(What you are asked to do)
From the listing that follows, reproduce only the lines from the one holding "US to witness" through the one holding "The Merceditas Chain", both included, with no pictures.

(Supplied records)
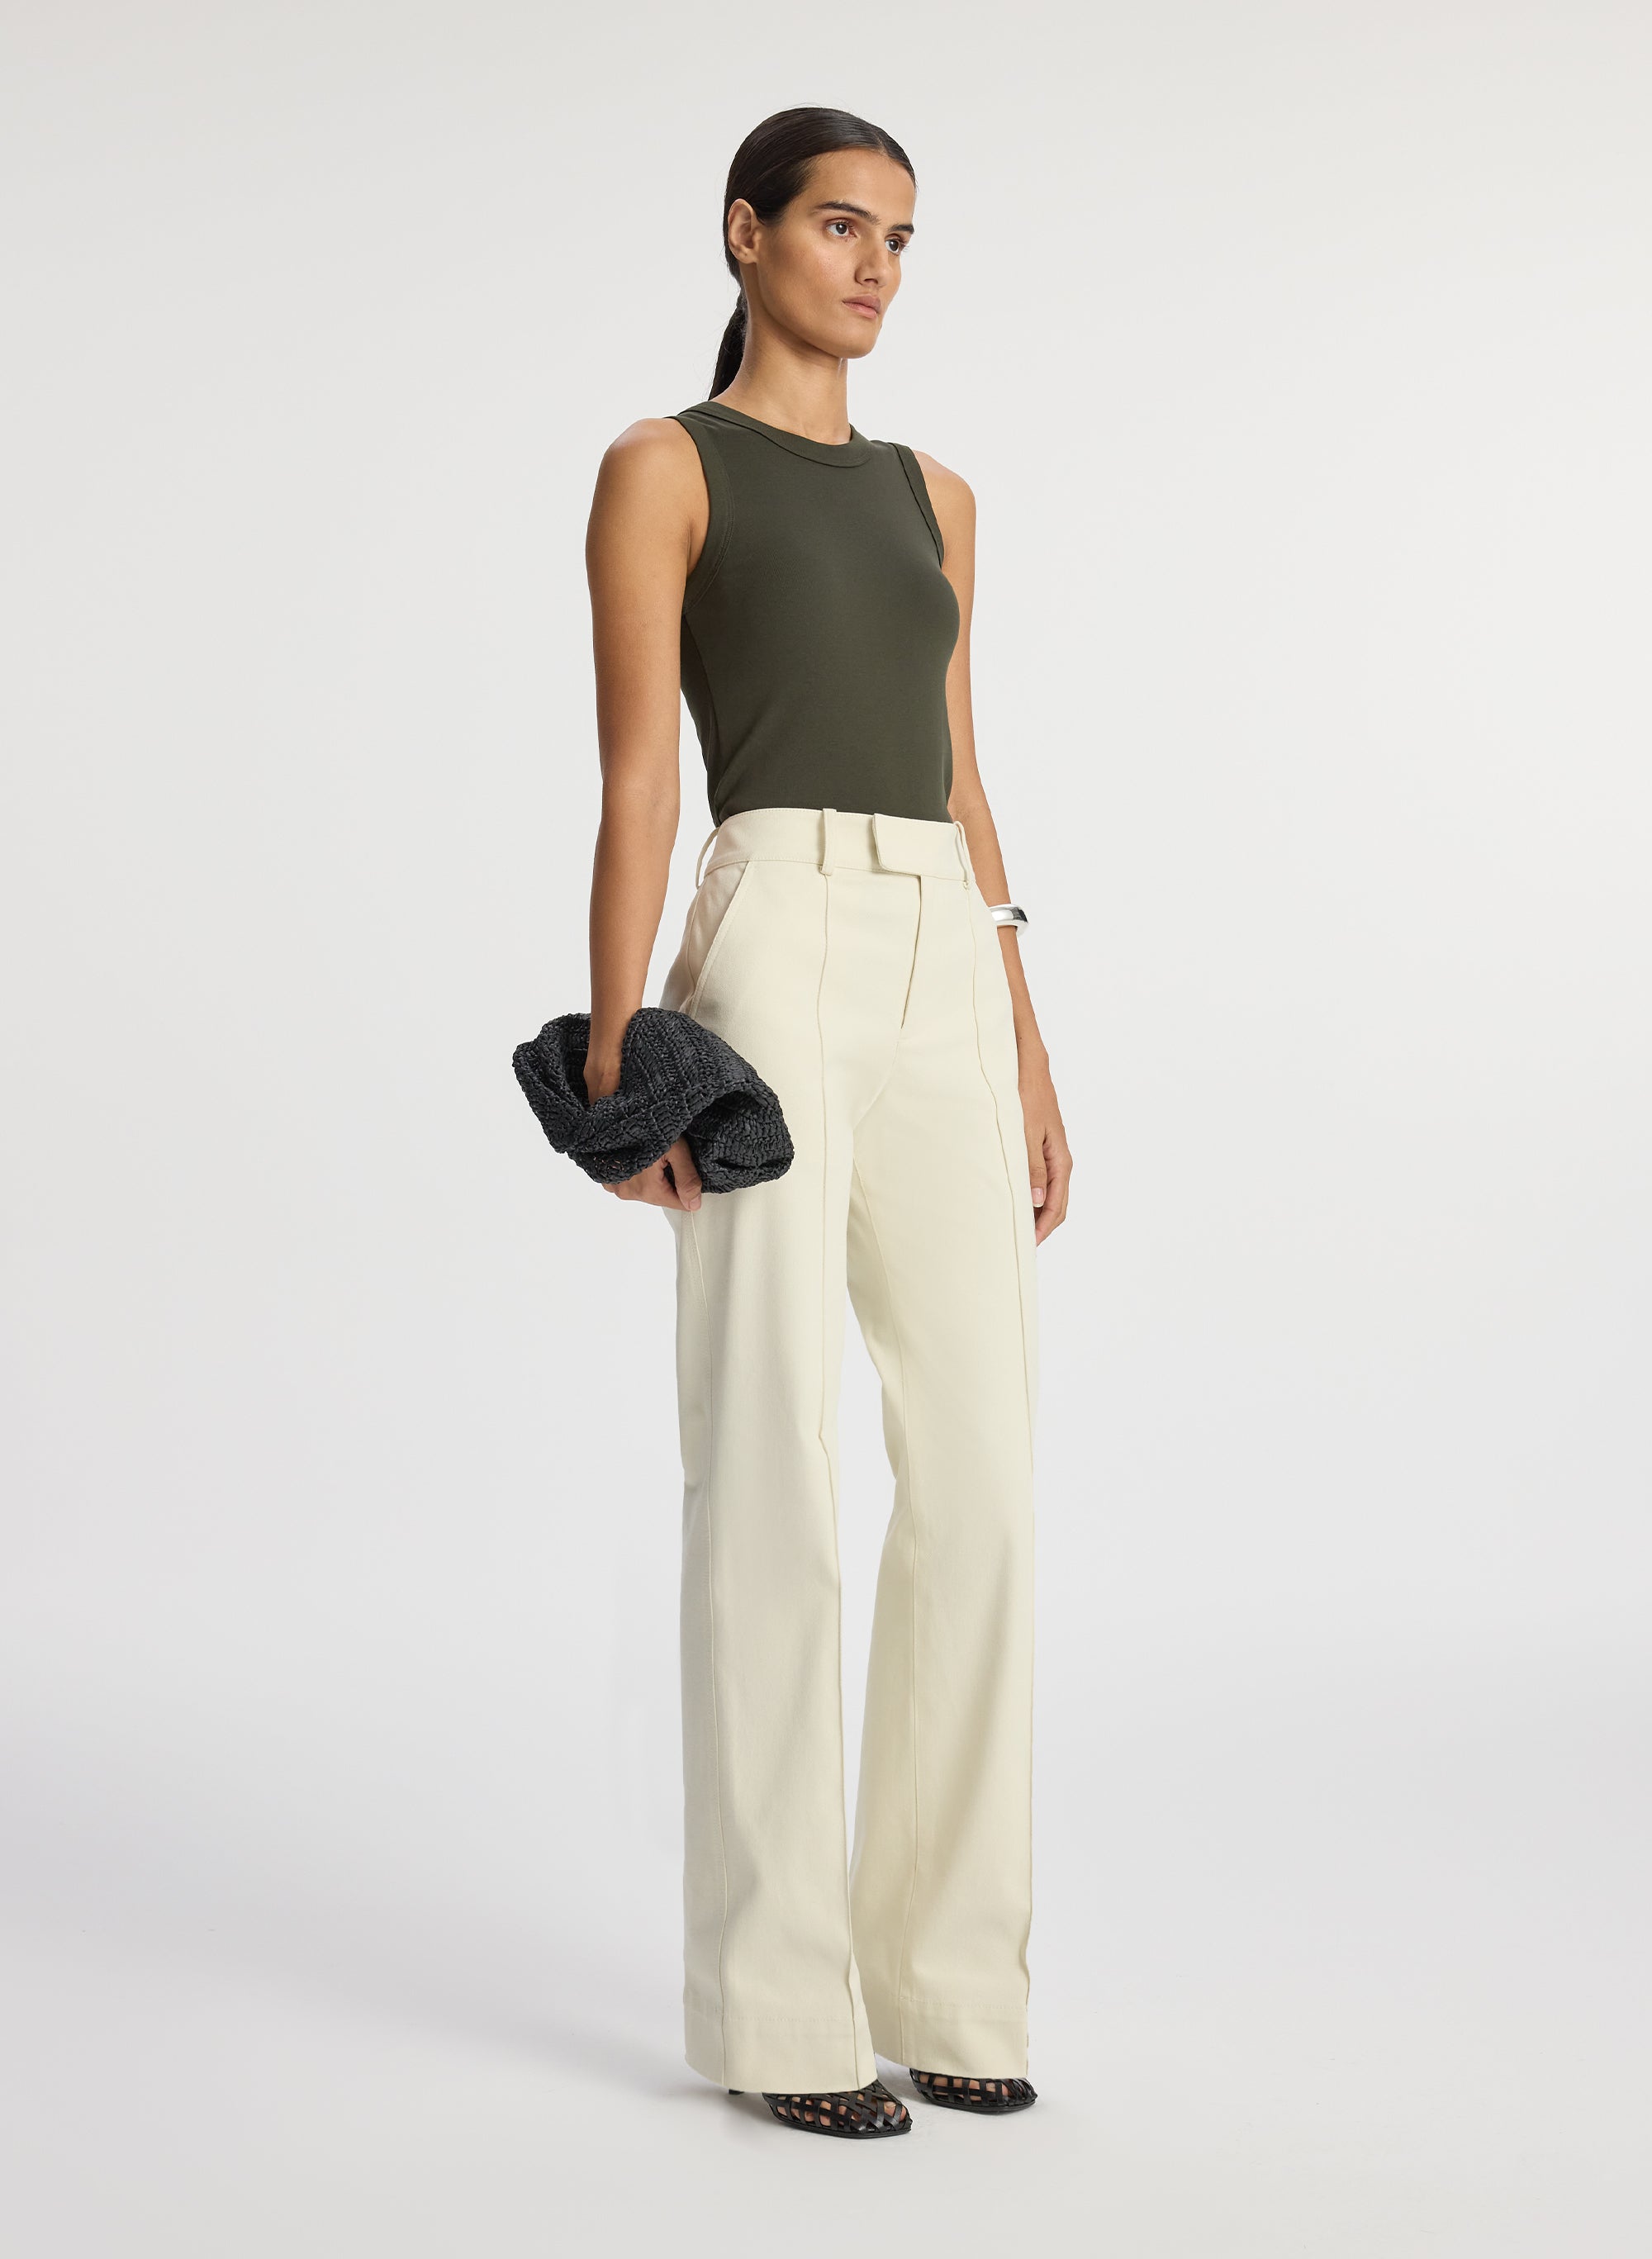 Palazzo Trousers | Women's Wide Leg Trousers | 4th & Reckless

---

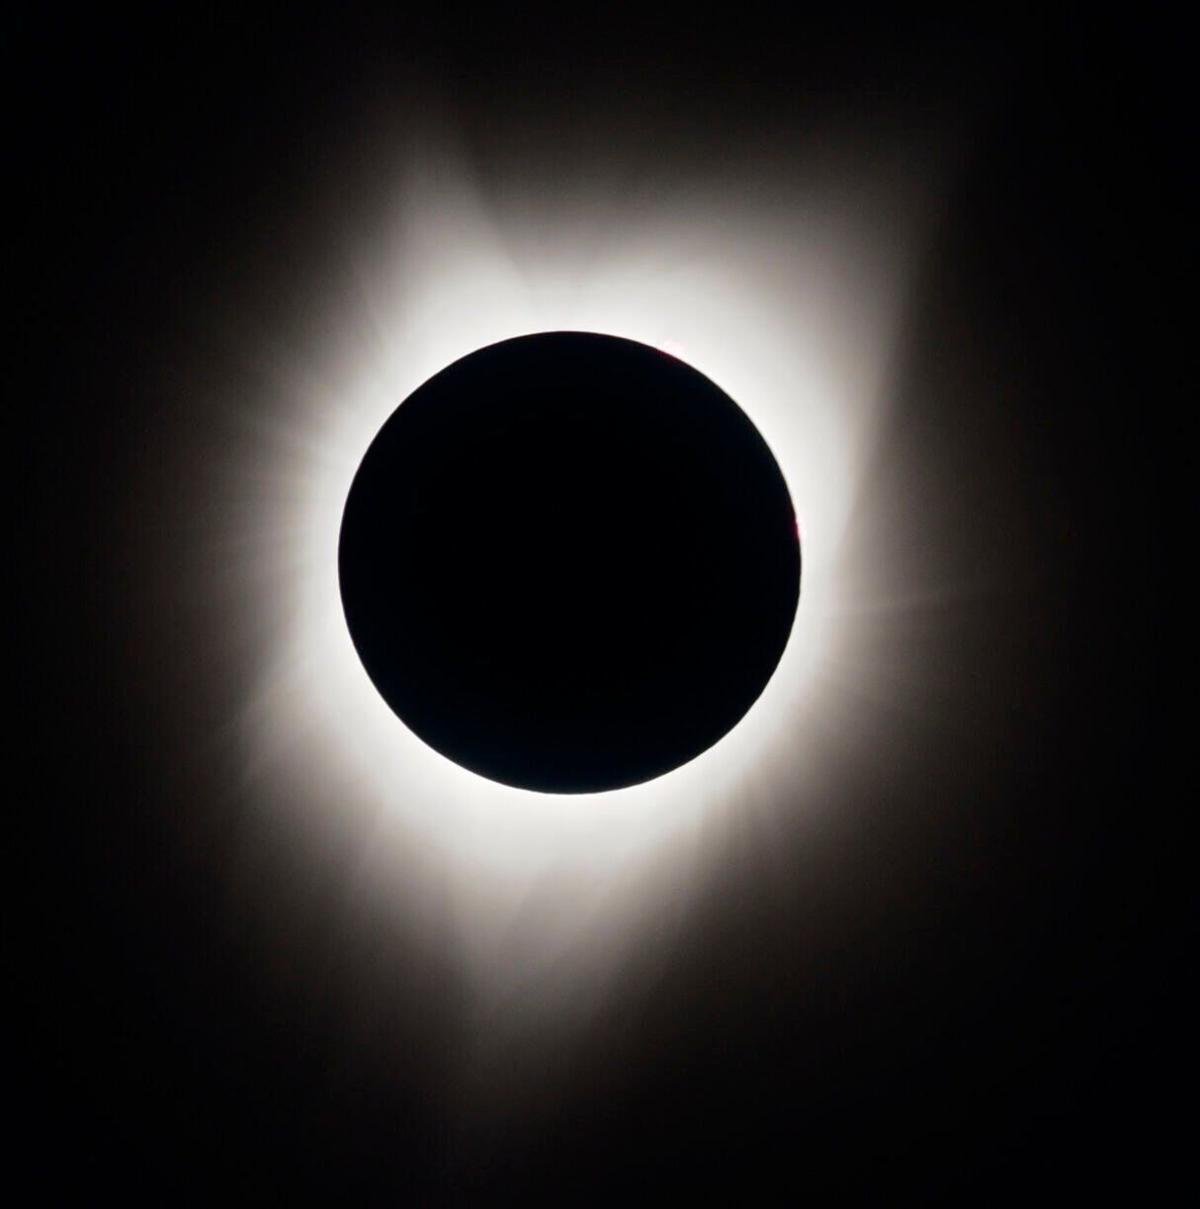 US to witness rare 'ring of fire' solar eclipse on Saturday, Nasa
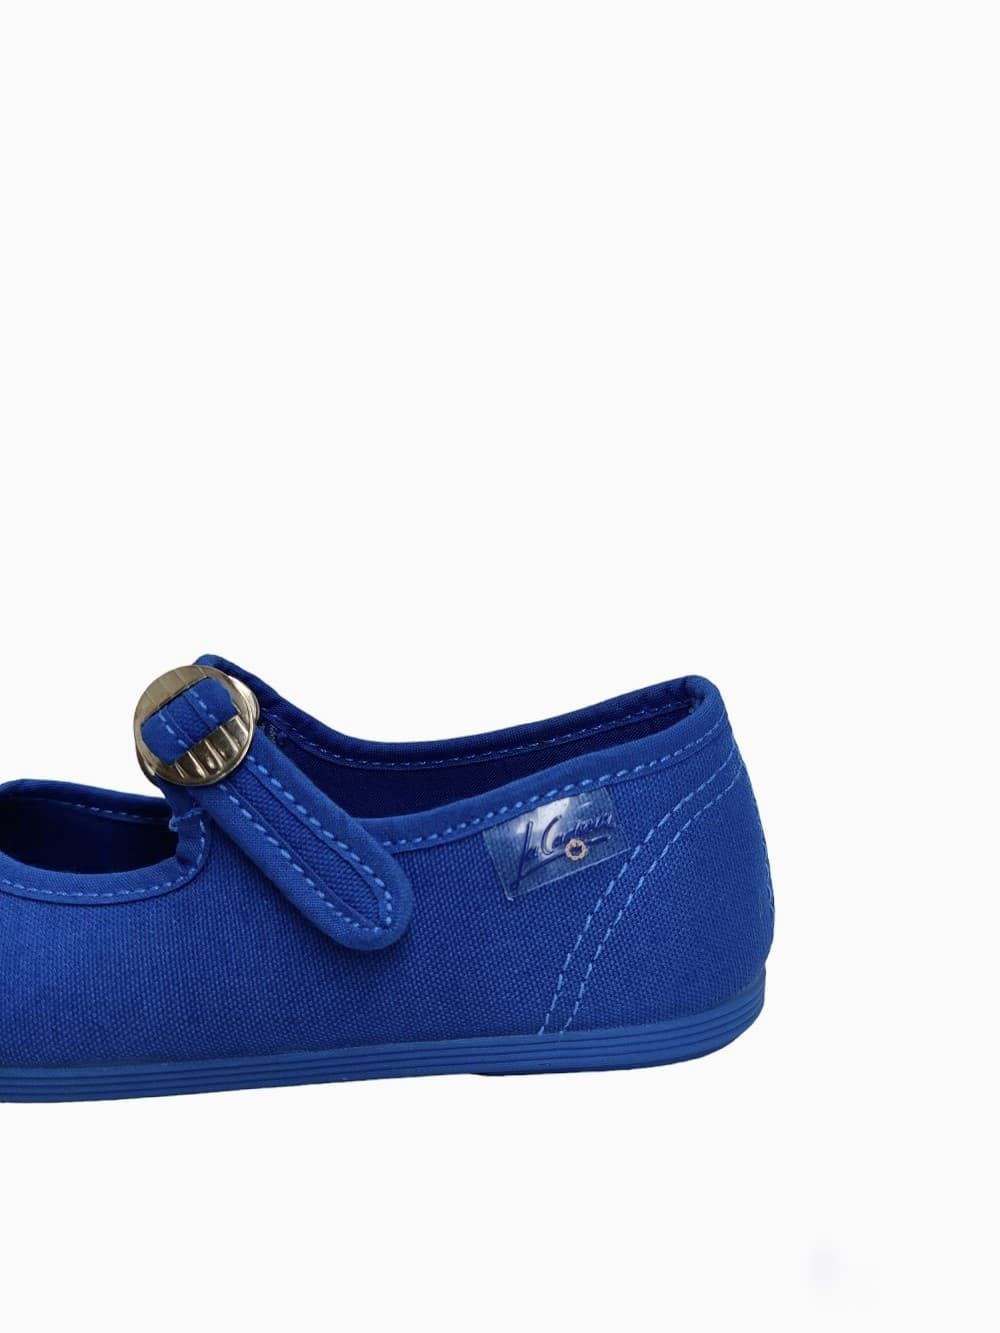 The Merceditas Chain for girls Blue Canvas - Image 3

(Answer box)
 US to witness rare 'ring of fire' solar eclipse on Saturday, Nasa
 The Merceditas Chain for girls Blue Canvas - Image 3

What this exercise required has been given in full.